不要寻找表现好的子集,而只是找表现好的单个特征,依据是它们各自能达到的精度
单个特征和某一类别的相关性计算方法有很多:卡方检测(x2),互信息,信息熵等

X = adult[["Age","Education-Num","Capital-gain","Capital-loss","Hours-per-week"]].values
#税前收入分类
y = (adult["Earnings-Raw"] == ' >50K').values
#使用SelectKBest转换器,用卡方函数打分,初始化转换器
from sklearn.feature_selection import SelectKBest
from sklearn.feature_selection import chi2
transformer = SelectKBest(score_func=chi2,k=3)#使用卡方函数,选择分类效果好的3个特征
Xt_chi2 = transformer.fit_transform(X,y)#生成分类效果好的三个特征
print(transformer.scores_)#每一个特征的相关性
[8.60061182e+03 2.40142178e+03 8.21924671e+07 1.37214589e+06
6.47640900e+03]

使用皮尔逊相关系数计算相关性

from scipy.stats import pearsonr
#因为SciPy的pearsonr函数参数为两个数组,但第一个数组为一维的
#实现一个包装器函数,就能像上面那样处理多维数组
def multivariate_pearsonr(X,y):
scores,pvalues = [],[]
for column in range(X.shape[1]):
cur_score,cur_p = pearsonr(X[:,column],y)
scores.append(abs(cur_score))
pvalues.append(cur_p)
return (np.array(scores),np.array(pvalues))
#现在就可以像之前一样使用转换器
transformer = SelectKBest(score_func=multivariate_pearsonr,k=3)
Xt_pearsonr = transformer.fit_transform(X,y)
print(transformer.scores_)
[0.2340371  0.33515395 0.22332882 0.15052631 0.22968907]
#看哪个集合效果更好
from sklearn.tree import DecisionTreeClassifier
from sklearn.cross_validation import cross_val_score
clf = DecisionTreeClassifier(random_state=14)
scores_chi2 = cross_val_score(clf,Xt_chi2,y,scoring="accuracy")
scores_pearsonr = cross_val_score(clf,Xt_pearsonr,y,scoring="accuracy")
#输出各自预测准确率
print("卡方函数:{0:.1f}%".format(np.mean(scores_chi2)*100))
print("pearsonr系数:{0:.1f}%".format(np.mean(scores_pearsonr)*100))
E:\Anaconda3\lib\site-packages\sklearn\cross_validation.py:41: DeprecationWarning: This module was deprecated in version 0.18 in favor of the model_selection module into which all the refactored classes and functions are moved.
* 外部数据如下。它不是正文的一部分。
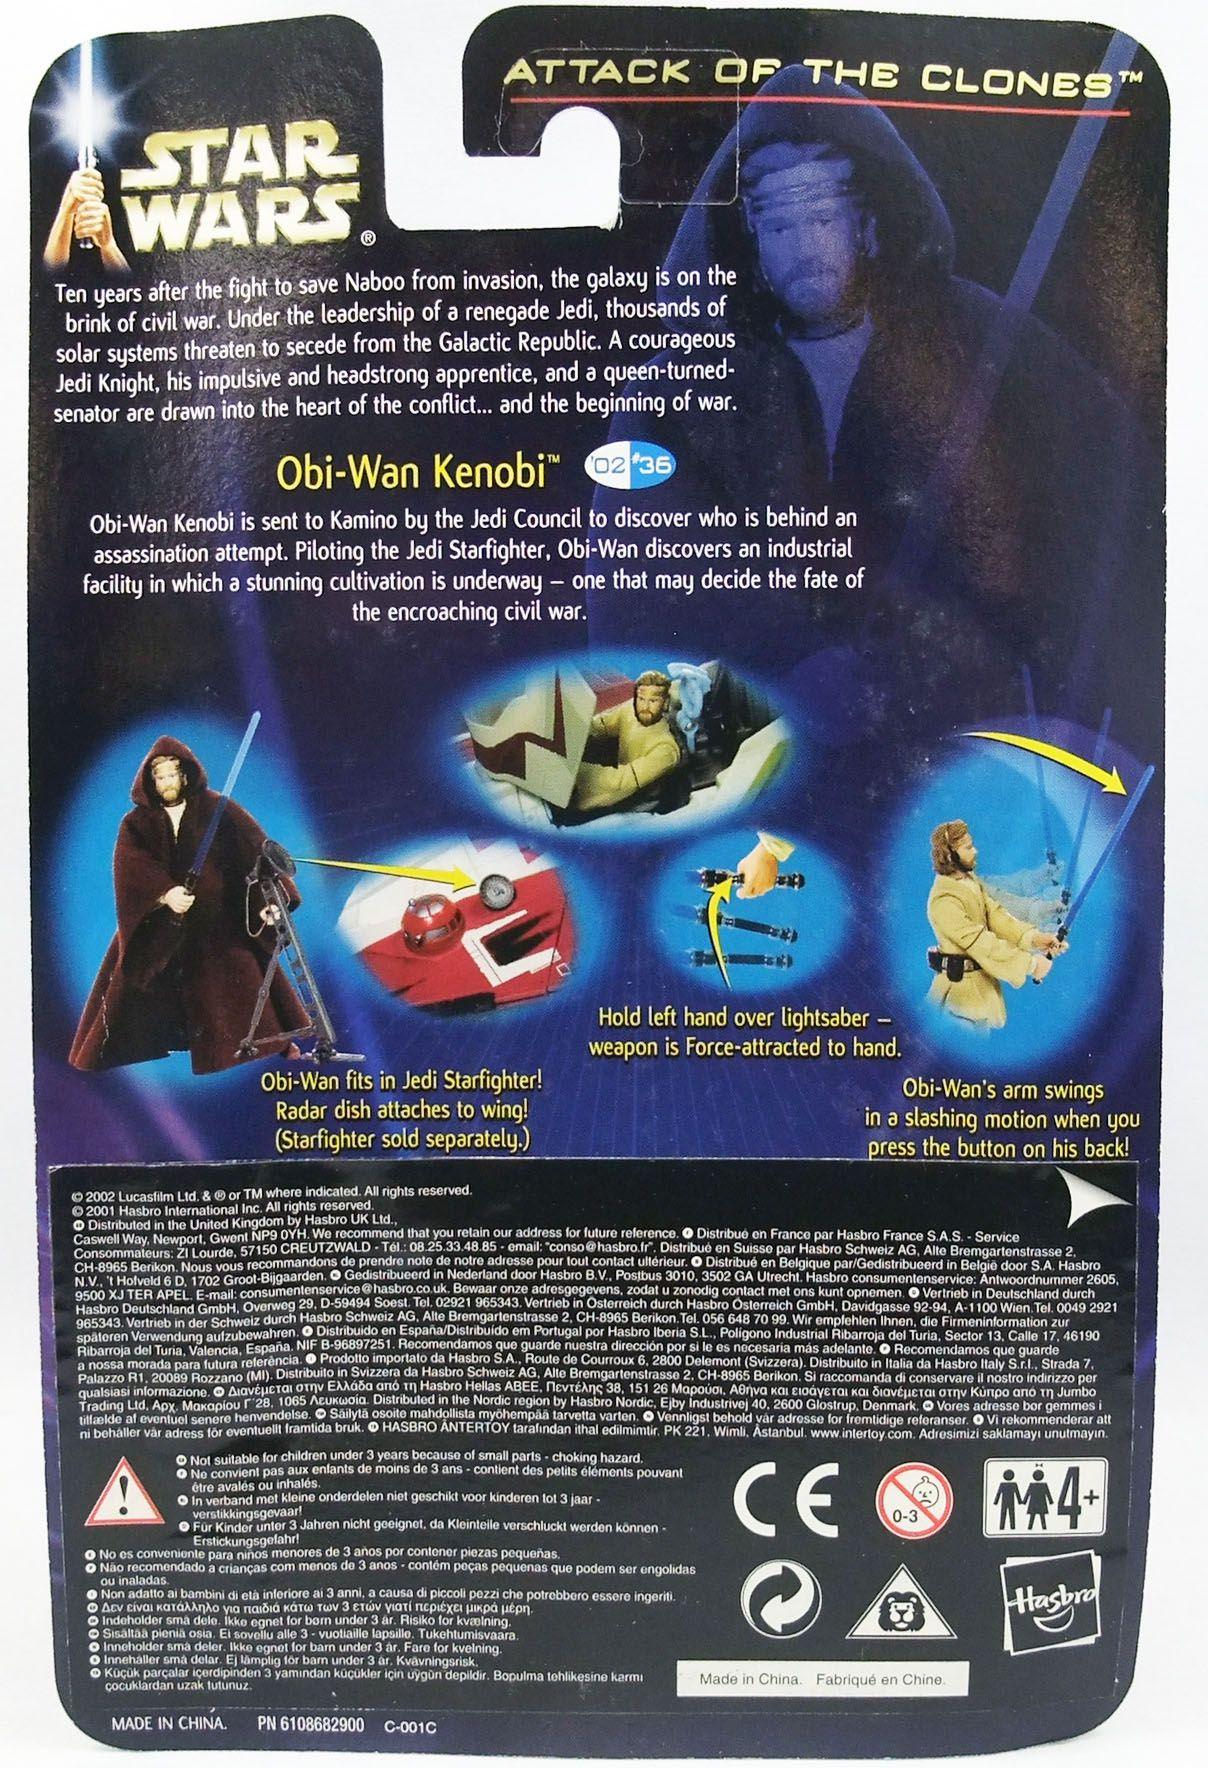 Star Wars (Saga Collection) - Hasbro - Obi-Wan Kenobi (Jedi Starfighter Pilot)
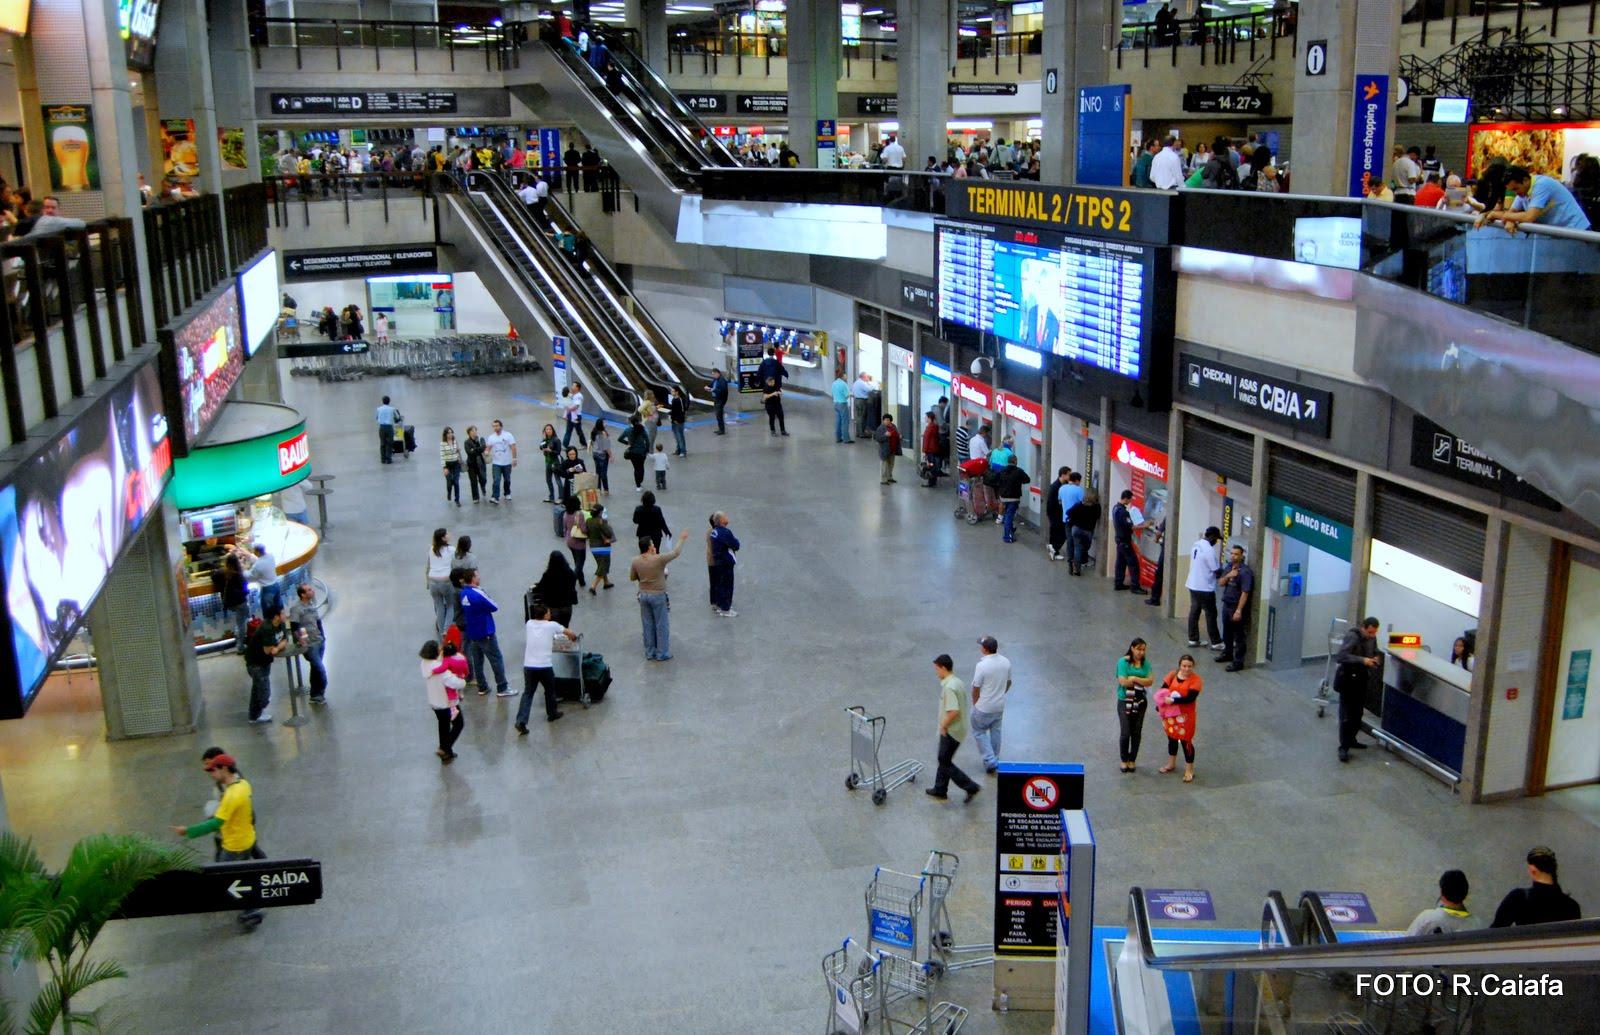 Aeroporto Guarulhos : Aeroporto internacional de guarulhos sp

Also note that the interface of the new CV iterators are different from that of this module. This module will be removed in 0.20.
"This module will be removed in 0.20.", DeprecationWarning)
卡方函数:82.9%
pearsonr系数:77.1%

创建特征

特征之间的相关性很强,或者特征冗余,会增加算法处理难度,从已有特征创建新特征很有必要,有很多方法

import os
import pandas as pd
import numpy as np
from collections import defaultdict

#导入广告数据
ad_data_folder = "E:\DataMining\Project\dataming_with_python\Adult"
ad_adult_filename = os.path.join(ad_data_folder,"ad.data")
#编写将字符串(数值形)转换成数字的函数

def convert_number(x):
try:
return float(x)
except ValueError:
#此处应该返回其他充当缺失值的,这里简单填6
return 6


#创建一个字典储存所有特征和转换结果
myconverters = defaultdict(convert_number)
for i in ads.columns[:-1]:
myconverters[i] = convert_number
#最后一列类别转换成0,1
myconverters[1558] = lambda x: 1 if x.strip() =="ad." else 0#lambda:函数的简洁表示
#csv
ads = pd.read_csv(ad_adult_filename,header = None,converters=myconverters)#指定转换函数
ads.iloc[192:195,0]
192     6.0
193 6.0
194 60.0
Name: 0, dtype: float64
#抽取x矩阵和y数组
X = ads.drop(1558,axis=1).values
y = ads[1558]

主成分分析

PCA的目的是找到能用较少信息描述数据集的特征组合
这些特征的方差跟整体方差没有多大差距,这些特征称之为主成分。
得到的主成分往往是其他几个特征的复杂组合,例如下面的第一个特征就是原始数据的1558个特征分别乘不同权重得到的。

from sklearn.decomposition import PCA
import numpy as np
pca = PCA(n_components=5)#传入主成分数量参数
#Xd = pca.fit_transform(X)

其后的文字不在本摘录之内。